They're uh they're like dating grizzlies, is it?
They're dating they're dating grizzly bears, and so you're getting uh you're getting um mutations of polar bears and grizzly bears, Pisley bears, I think, or whatever they're calling them.
And and and a uh no, no, no, not a black bear.
I have black bears in New Hampshire, and I would not advise any black bear to uh date a polar I don't want to get no no, now we're getting into the we're getting into the Ursign version of driving Miss Nancy, aren't we?
She Sheila Jackson Lee is saying I don't want mishegenation between polar bears and black bears.
I I guess no, we'll have a we'll have coffee colored, we'll have coffee-colored bears.
There'll be uh they'll be high there'll be high yallers or whatever they used to call them.
Like uh they'll be like uh like uh what you know, what's her name won the uh Oscar uh a couple of years ago uh and uh in uh if it was in the uh the Hallie Halliberry.
That's where we're gonna have Haliberry bears.
Bears like berries, they go foraging for berries.
Now they'll be these new bears will be foraging for Halliberry.
Okay.
Now I Yeah, we did take a while to get that.
It wasn't really worth it in the end.
I don't know.
I don't know.
I how do we where we anyway, the bears, the state of Alaska.
The state of Alaska.
Yeah, bears have well there's two points here.
Bears are bears uh polar bears have got dissatisfied with the polar bear dating scene.
So they're dating grizzlies.
And uh and the uh and the environmental crowd are mad about this.
Uh isn't this what isn't this what you scientific rationalist people like you know, not like us right-wing social conservatives uh uh speaking in tongues.
Isn't this what you guys call the theory of evolution?
Hmm?
Why are you attempting to interfere with the theory of evolution?
If a polar bear wants to date a grizzly bear, if he wants to date a New Hampshire black bear, if he wants to date Halle Berry, who cares?

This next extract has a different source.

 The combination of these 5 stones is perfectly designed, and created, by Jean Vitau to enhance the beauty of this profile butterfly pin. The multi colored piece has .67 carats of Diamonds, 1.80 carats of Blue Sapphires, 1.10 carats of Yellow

It's uh it's uh why why attempt to get uh mixed up and insert uh what wants to have an effect government regulation.
I mean, this is actually segregation.
You couldn't do this.
This is what we used to do to people in the southern states of the United States.
They now want to do to the poor polar bear.

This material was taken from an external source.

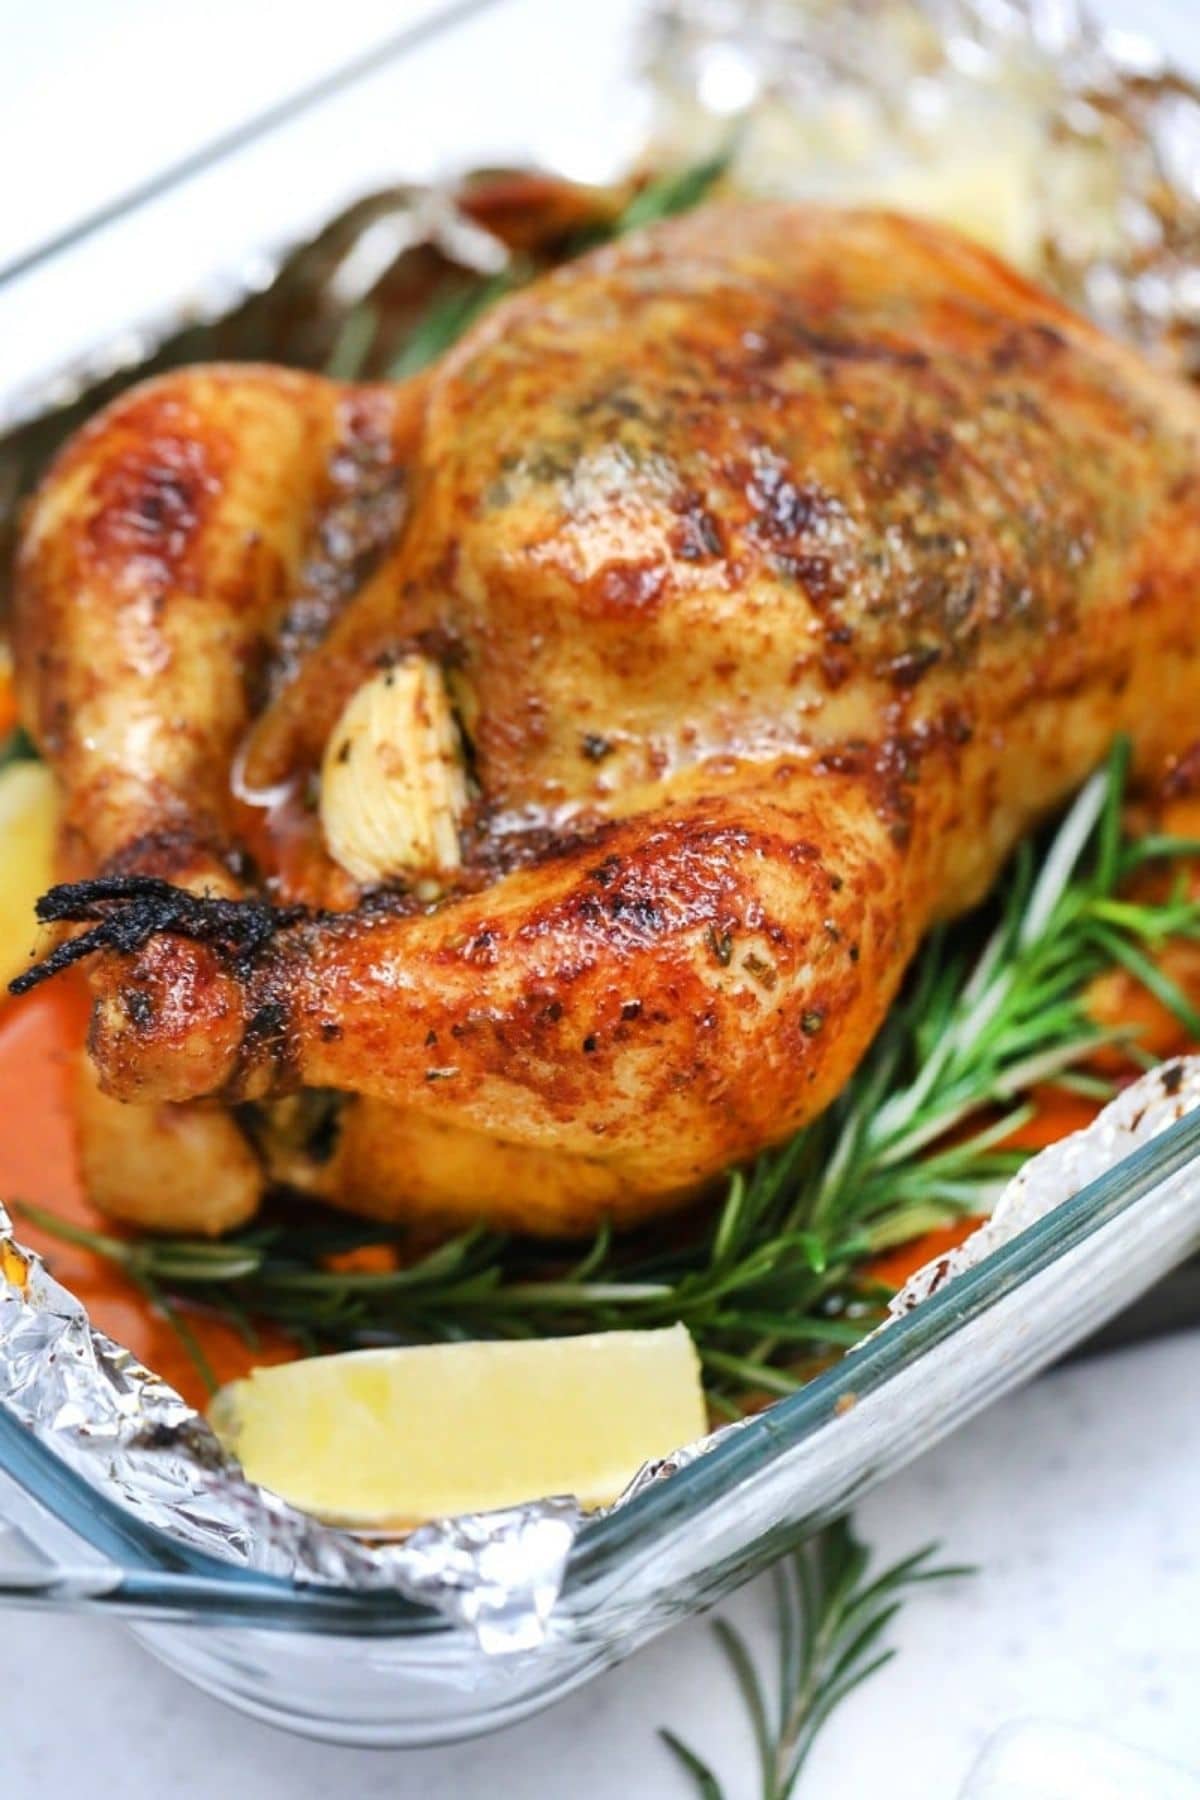 roasted chicken in silver platter with lemon wedge on side

The polar bear might want to once uh wants to, you know, swing both ways and he's not allowed to.
Uh uh that's you don't want to interrupt uh you don't want to interrupt a polar bear if he gets too far along that process.
Anyway, the state of Alaska is now intend says it intends to sue the United States Fish and Wildlife Service because they've they've uh designated a hundred and eighty-seven thousand square miles of critical habitat in the Arctic to help the species recover.
And it includes, of course, as is the way of government, it includes this hundred and eighty-seven thousand square miles, includes areas that polar bears have never had any interest of being in.
There's never been any polar bears in this in this region.
There's no evidence that any polar bear wants to live in half these places, but they've now designated it as uh as essential to the polar bear habitat.
Again, uh again uh well, they've just said that this is like bear country.
It's like they could do it uh they could do it to the West Village here in uh New York City.
They could say uh they could say this is now a designated polar bear habitat.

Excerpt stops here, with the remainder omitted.